Micheál Martin said the group’s statement yesterday was “not an appropriate response at all”. 

“A hospital that the State builds, is a hospital the State should own,” he said.

‘The investment that the State would make in this hospital would be very, very significant, very significant in terms of the hundreds of millions that could be spent here, and that investment needs to be protected,” said Martin, who called on the board to reflect on the situation and what is in the public interest.

“This is an important moment as it sends a signal to other developments,” the Taoiseach acknowledged.

The first priority of government is to build a first-class maternity hospital that is co-located, said the Taoiseach.

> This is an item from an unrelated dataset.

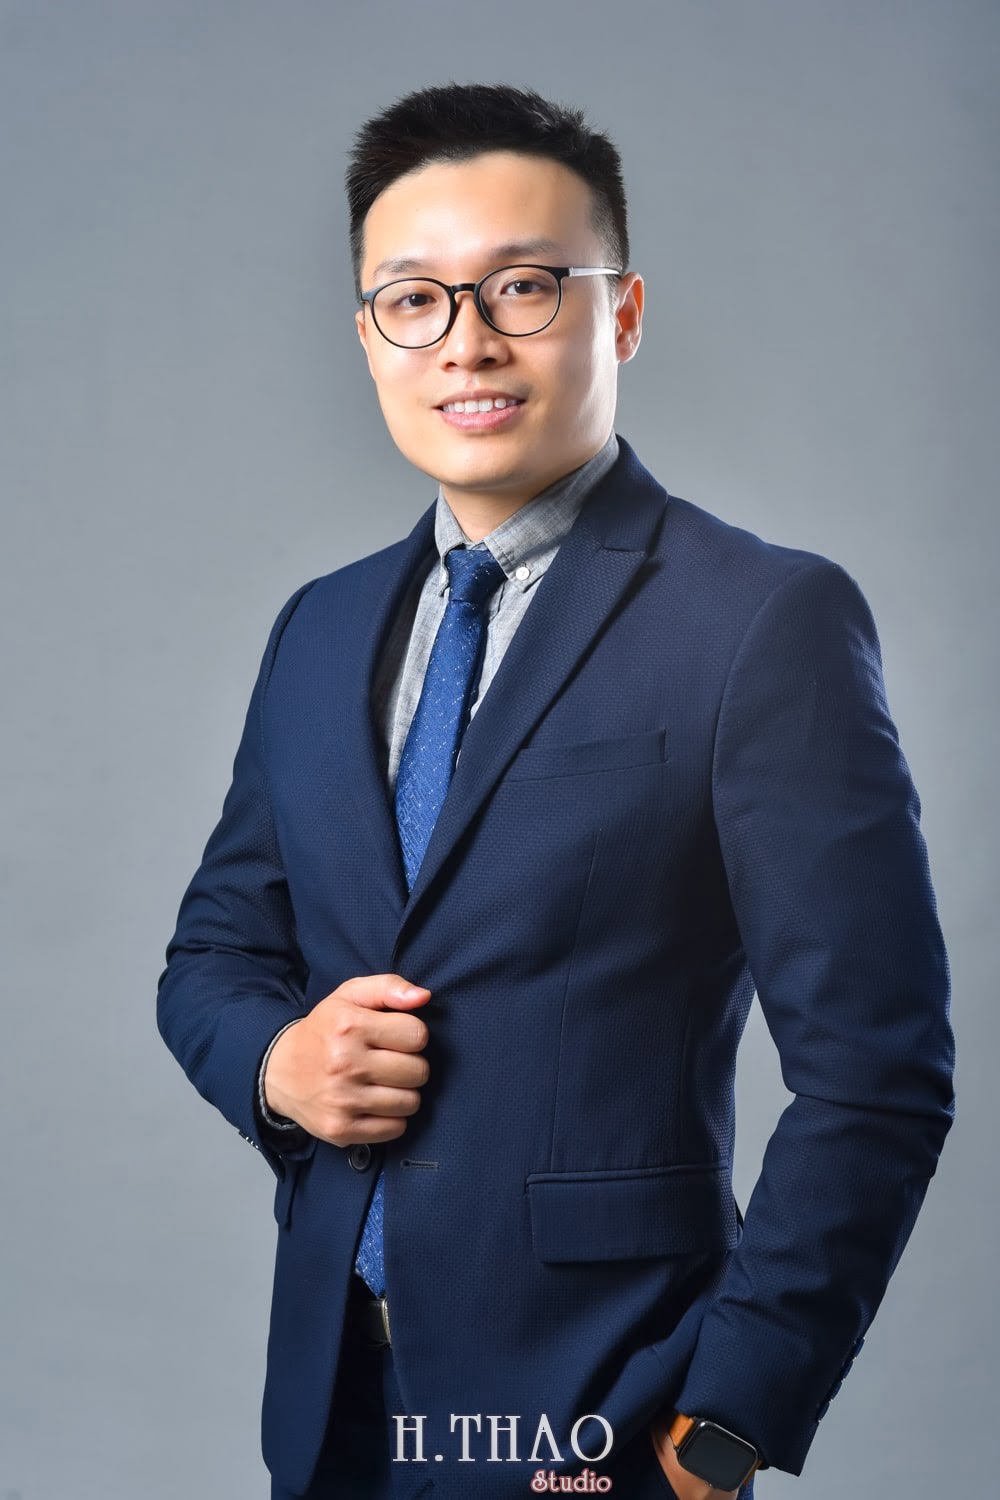 Anh profile  8 min - Tổng hợp ảnh profile nghề nghiệp bác sĩ, ngân hàng đẹp- HThao Studio

Sinn Féin’s Mary Lou McDonald said the “mess” with the new National Maternity Hospital “goes way back” and “needs to be urgently sorted”.

Speaking earlier this morning, Health Minister Stephen Donnelly has said that he will meet representatives from SVHG, stating that the hospital group’s statement yesterday, that the land on the Elm Park Campus is not for sale, has not been helpful.

“I don’t think that is a helpful thing for them to be doing. And I think they should be cognisant and have a bit more respect for the people of Ireland, who fund their hospital,” the health minister told Morning Ireland on RTÉ Radio 1.

I don’t think that’s the way to do business. These conversations need to be held and they need to be held respectfully.

Donnelly said that he will meet representatives of SVHG, but did not say when the meeting will take place. In its statement yesterday, the group said it was “more than willing” to meet the government to discuss the relocation of the hospital from Holles Street.

The health minister outlined that the government’s position is that “the women of Ireland want to own the land that their own maternity hospital is built on”.

“I would very much like to see that facilitated and I think it would be in everyone’s interest if that was facilitated,” he said.

The comments came ahead of a Dáil debate on the ownership of the hospital and the site on which it will sit. 

The Social Democrats tabled a motion calling for the new hospital to be fully publicly owned. The government is not opposing the motion.

It said that “for the avoidance of doubt” the new National Maternity Hospital “will be clinically independent”. 

Donnelly said today that there’s no resolution to the dispute that gives any of the stakeholders exactly what they want.

He said using a compulsory purchase order, which has been mooted by several opposition TDs, is not desirable because it would involve a lengthy legal process.

“That is not a route that resolves any problems quickly. You’re going to end up in court for years through a compulsory purchase order,” Donnelly said.

In the Dáil today, the health minister reiterated that he would prefer the land the National Maternity Hospital sits on to be publicly owned, but added that public ownership is not a prerequisite to clinical independence.